Task → The data that follows must be transcribed in full and exactly, minus the pictures.

Supplied information →
────
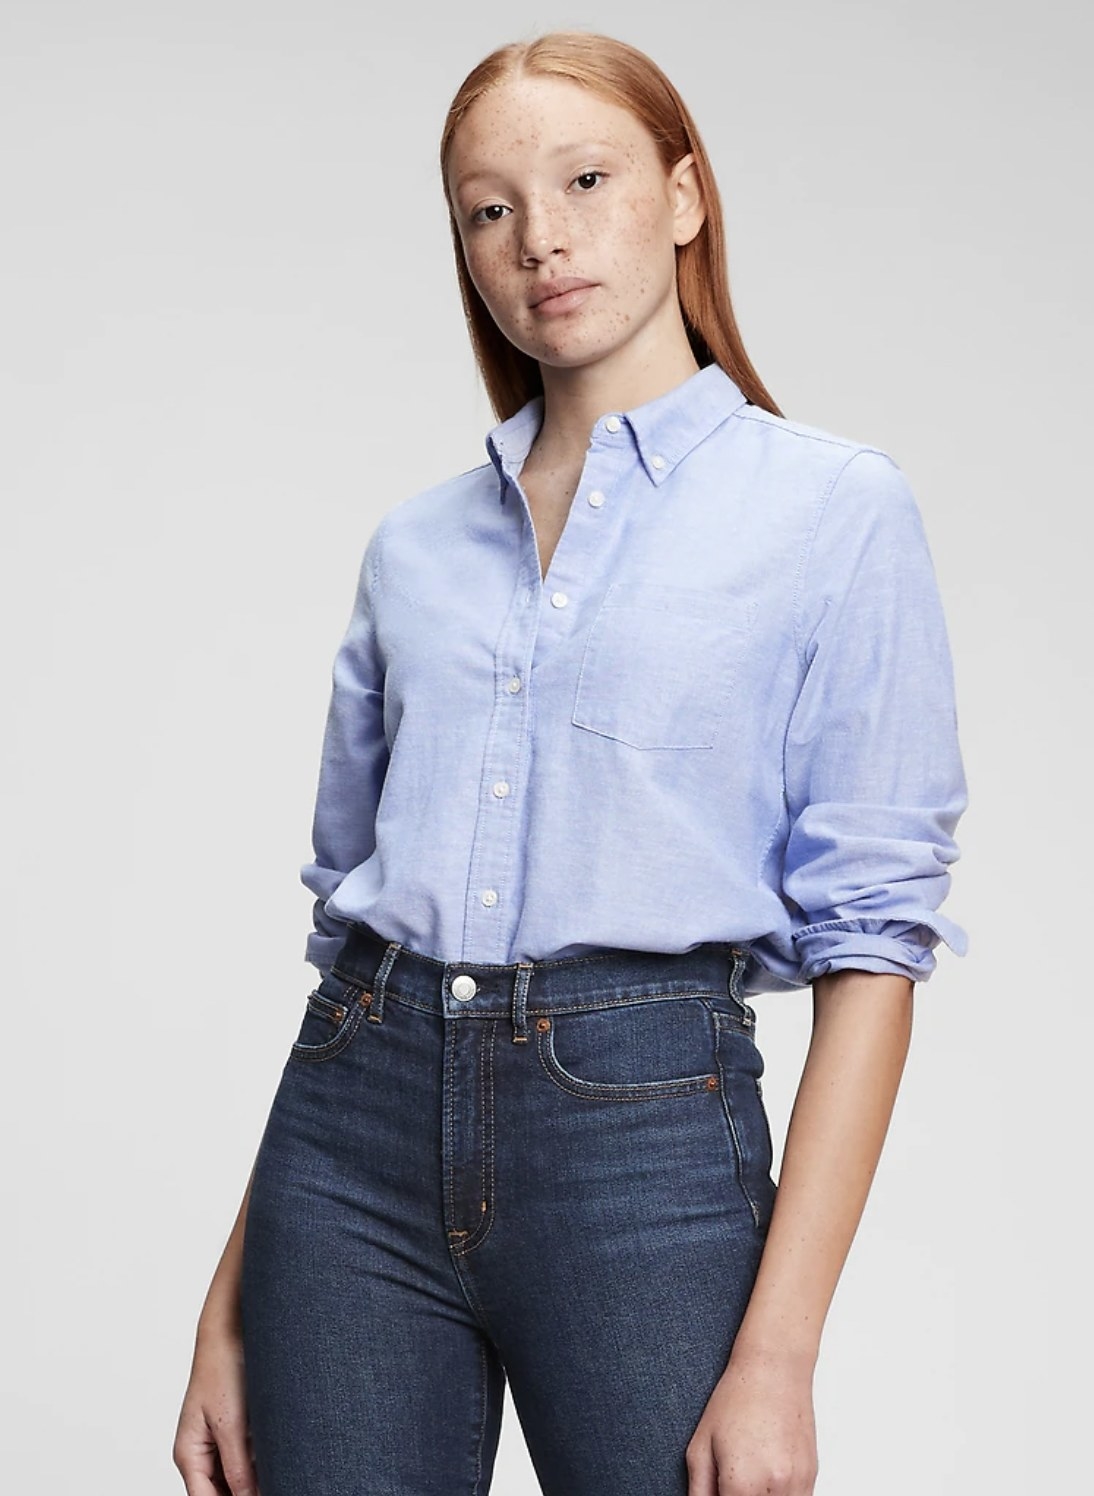 model wearing an oxford shirt in blue
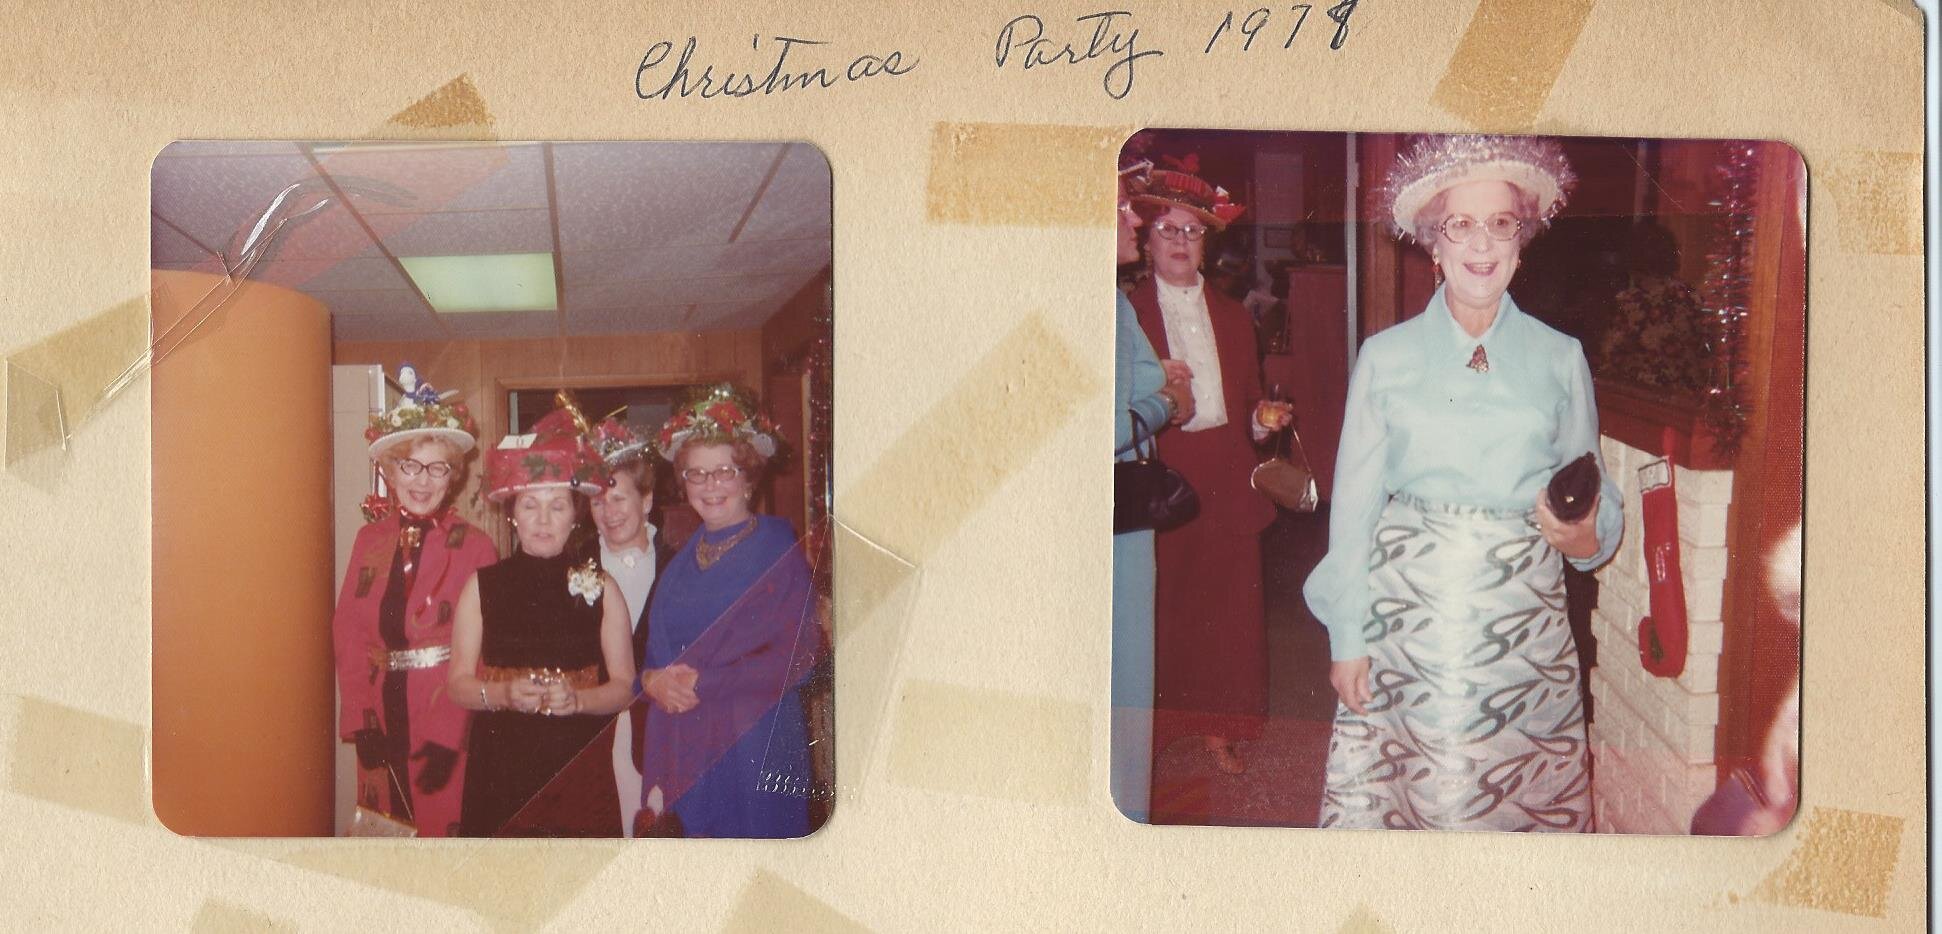 Christmas Party 1979.jpg
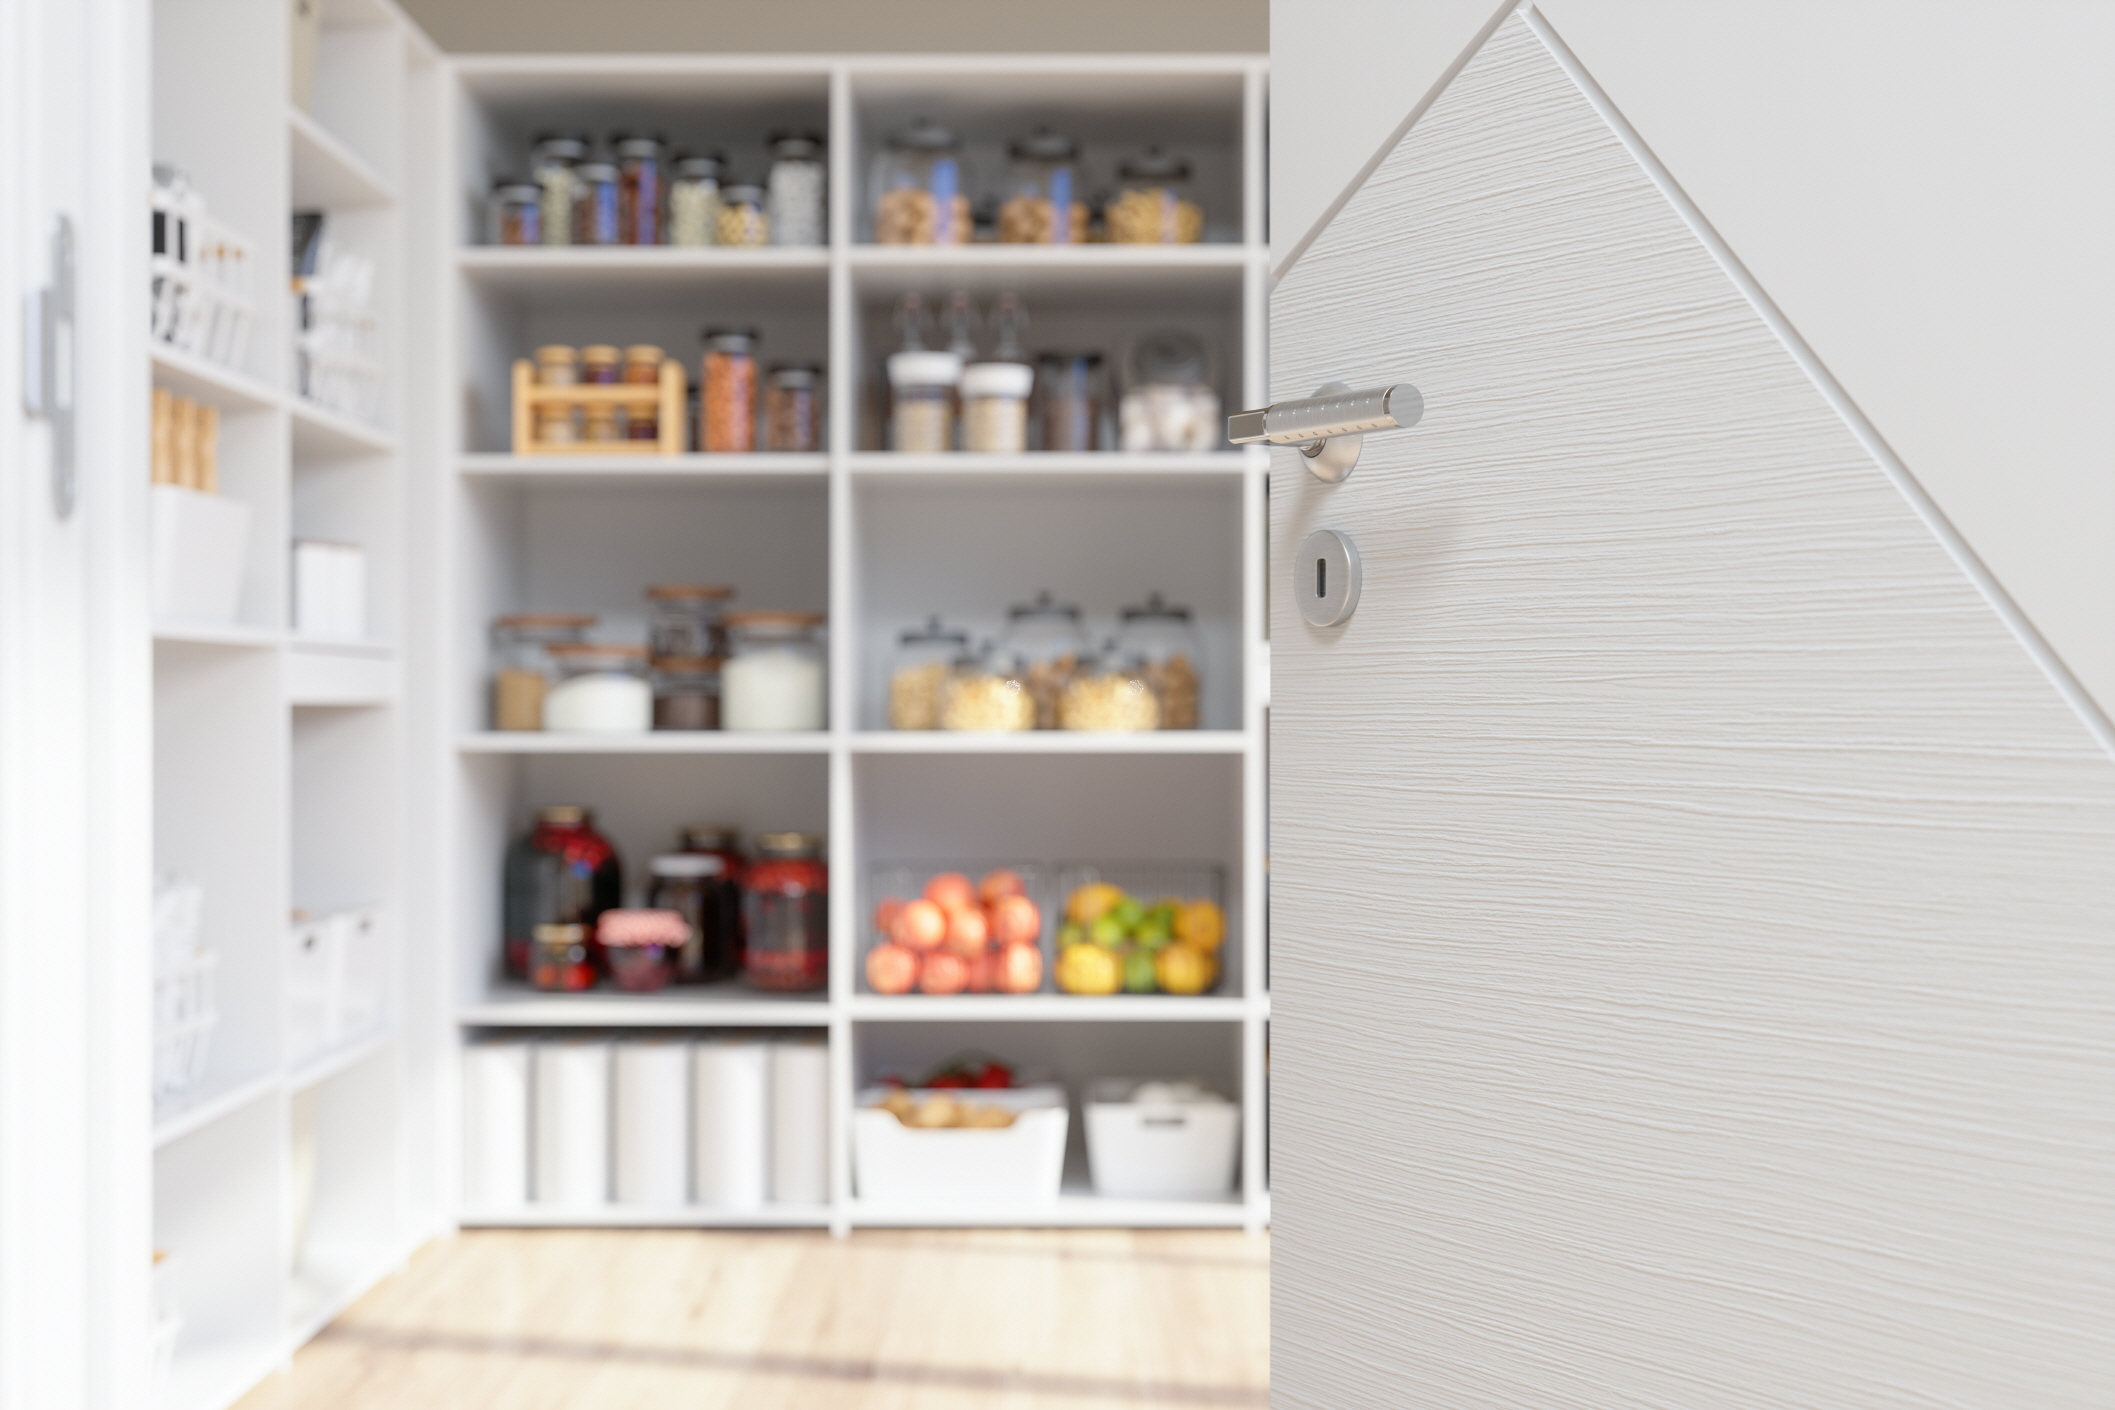 Repurpose nearby closet into secondary pantry for extra storage.
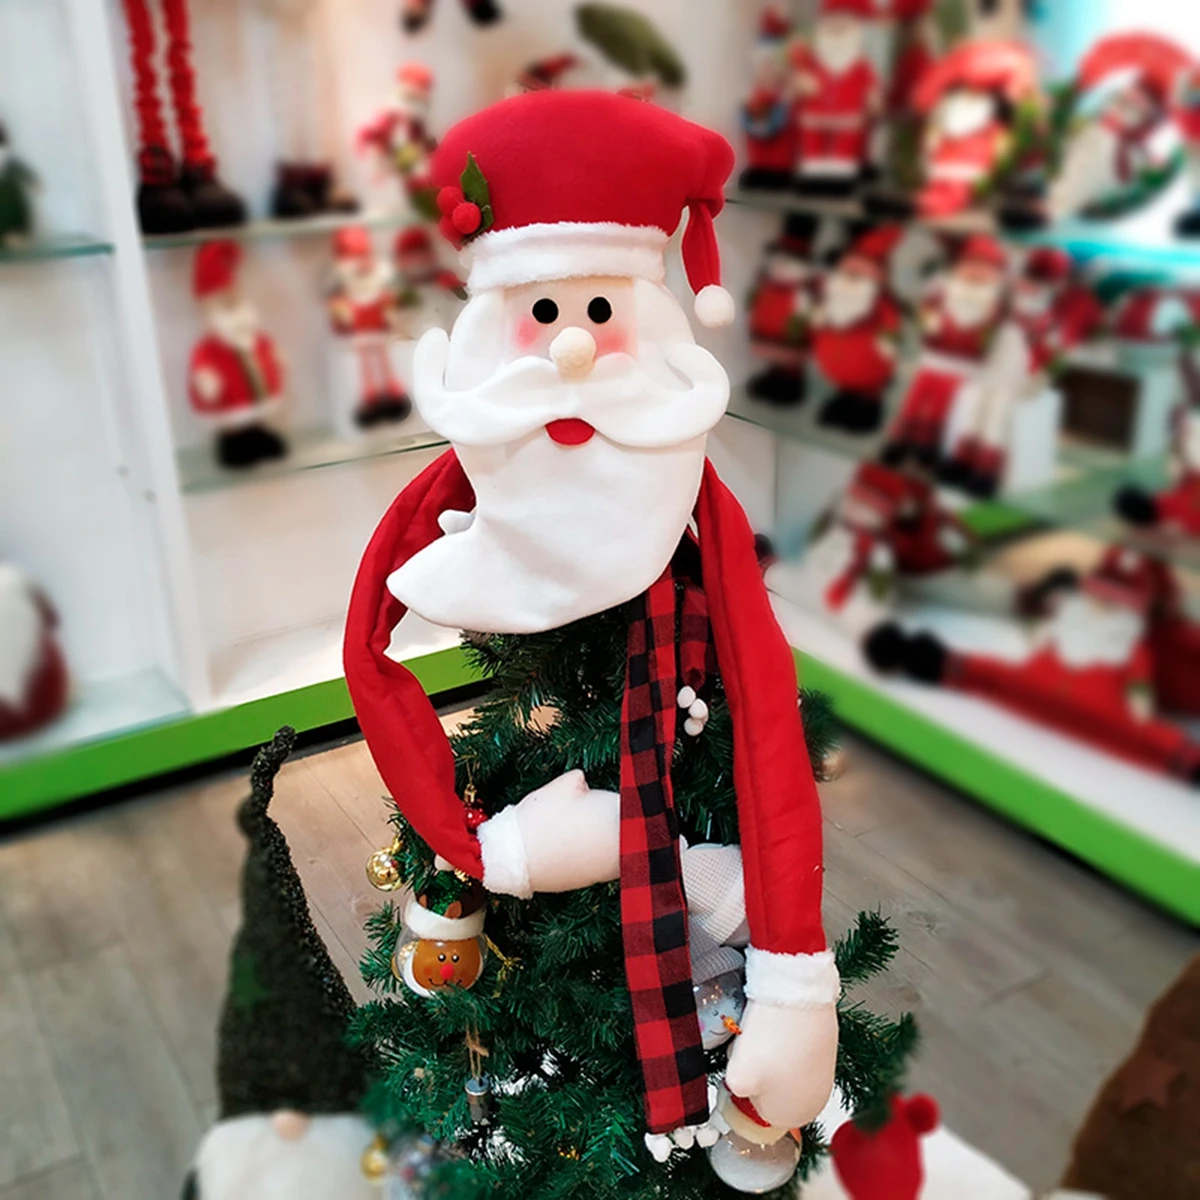 QIFU елочные украшения для дома Navidad Noel Снеговик Санта Клаус подарки на год
────
Answer space →
 model wearing an oxford shirt in blue
 Christmas Party 1979.jpg
 Repurpose nearby closet into secondary pantry for extra storage.
 QIFU елочные украшения для дома Navidad Noel Снеговик Санта Клаус подарки на год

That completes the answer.